Exercise: All lines from the one holding "DKGP City Fashion" to the end of the listing are to be output exactly, both ends included, with any pictures left out.

Recorded information:
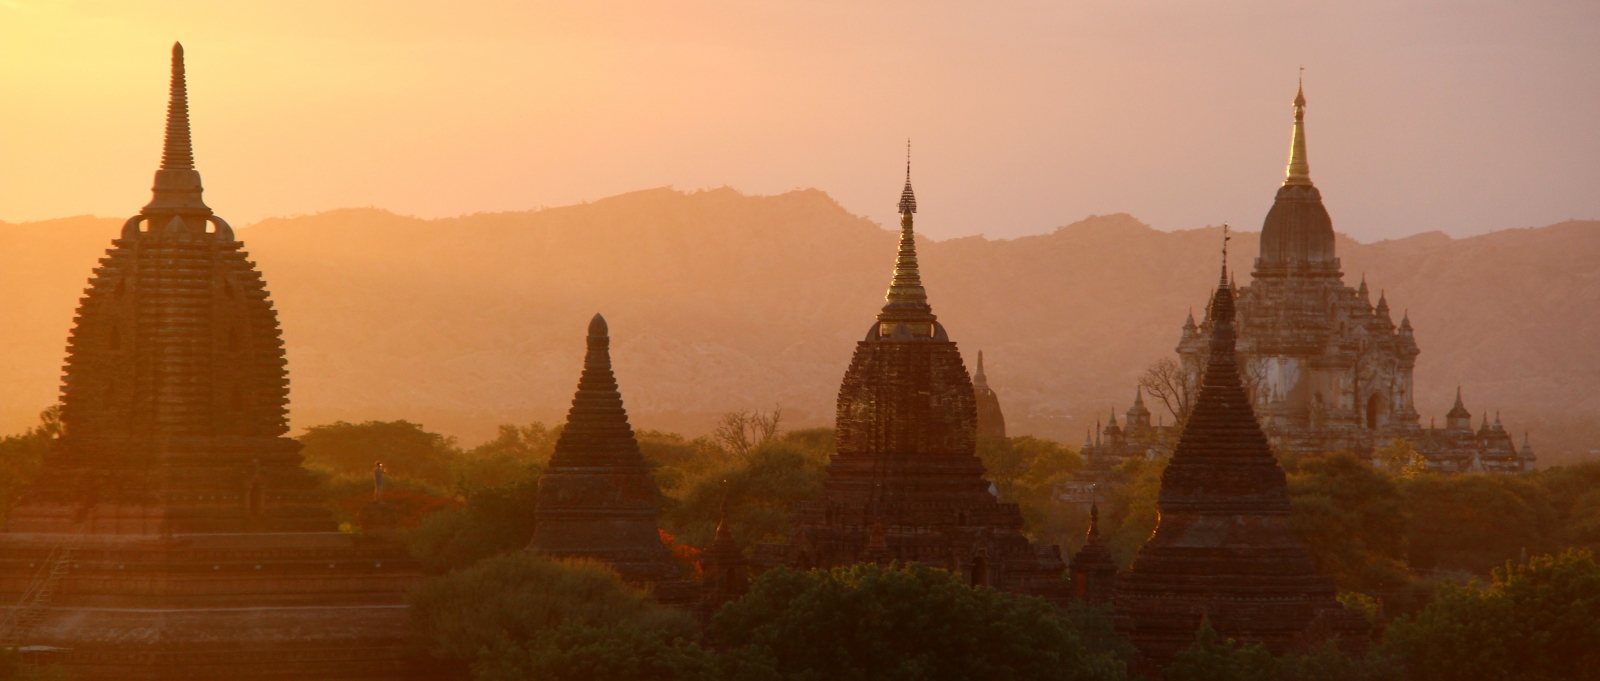 uitzicht van tempels van Bagan onder een oranjekleurige zonsondergang
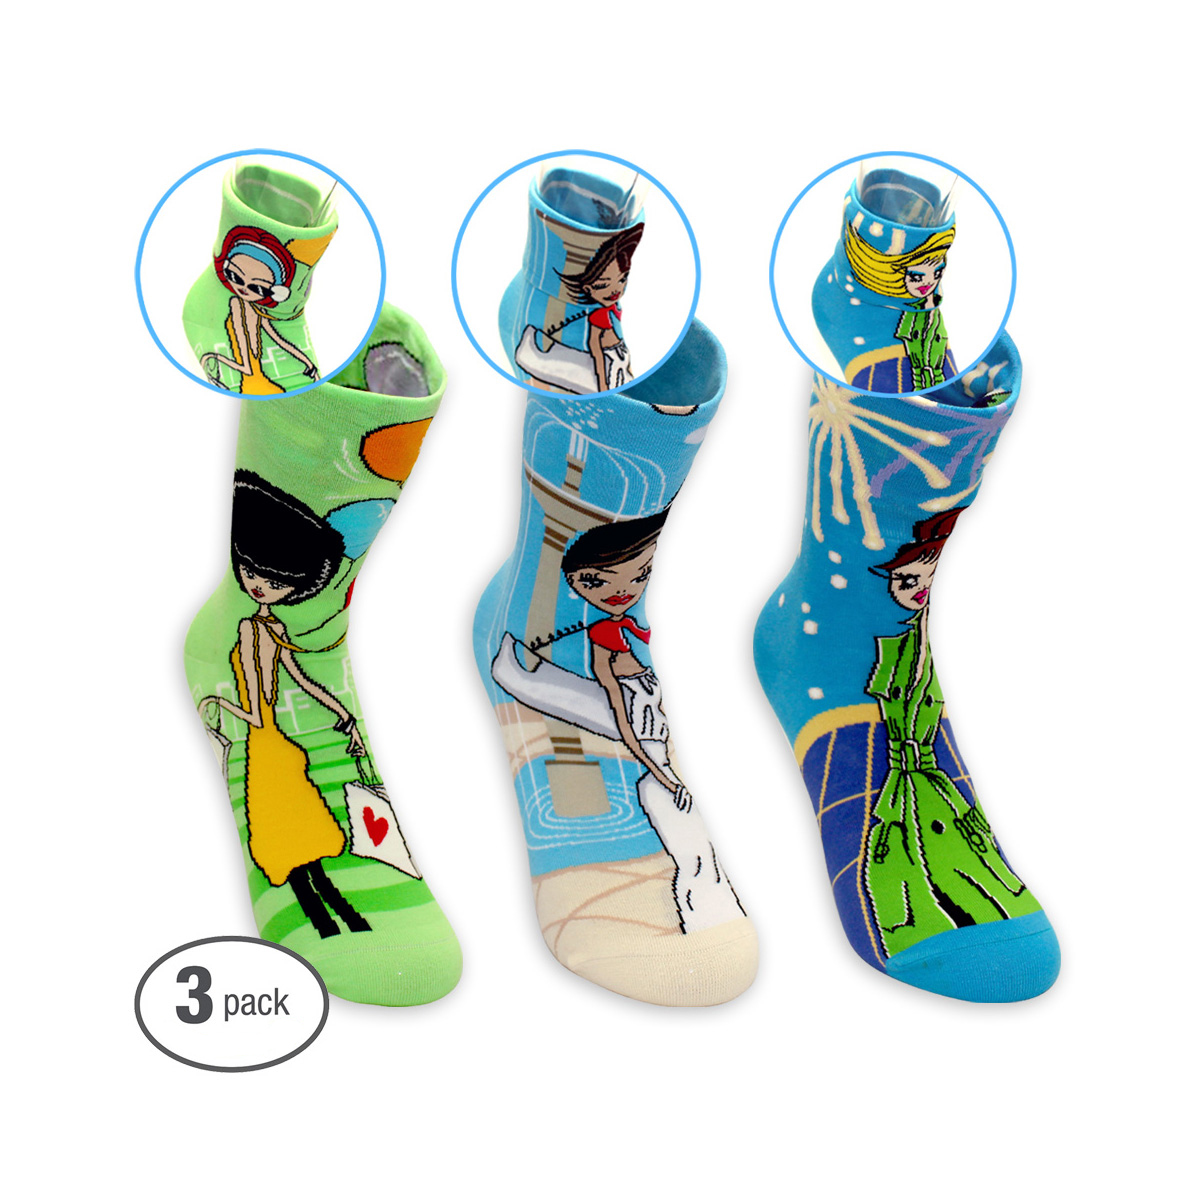 DKGP City Fashion Lady Socks, 9''-9.75'', Size M (3 Color Set)
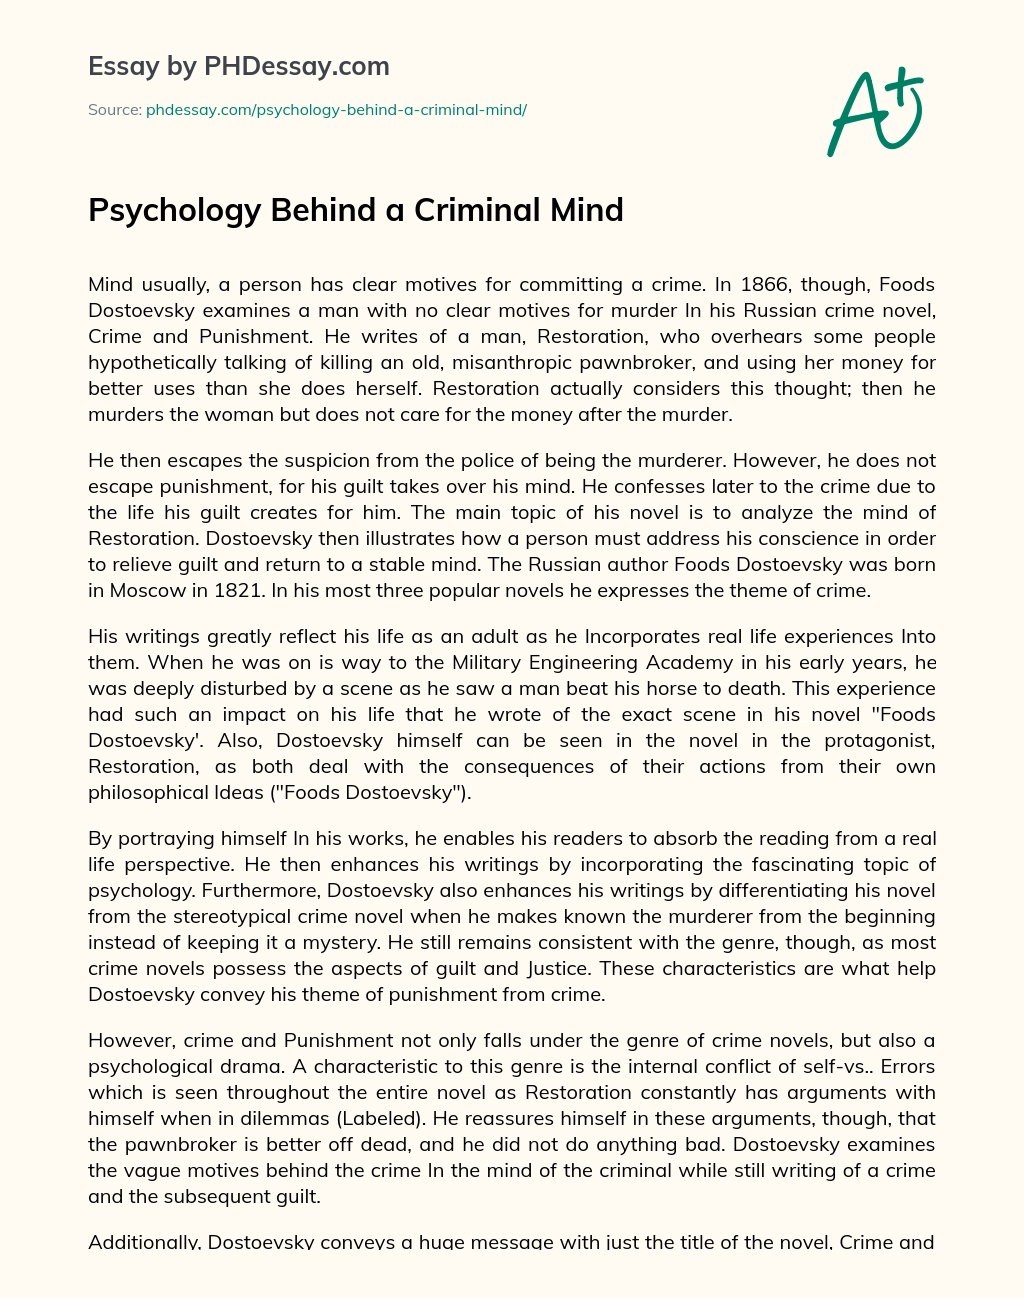 Psychology Behind a Criminal Mind essay

Answer section:
 DKGP City Fashion Lady Socks, 9''-9.75'', Size M (3 Color Set)
 Psychology Behind a Criminal Mind essay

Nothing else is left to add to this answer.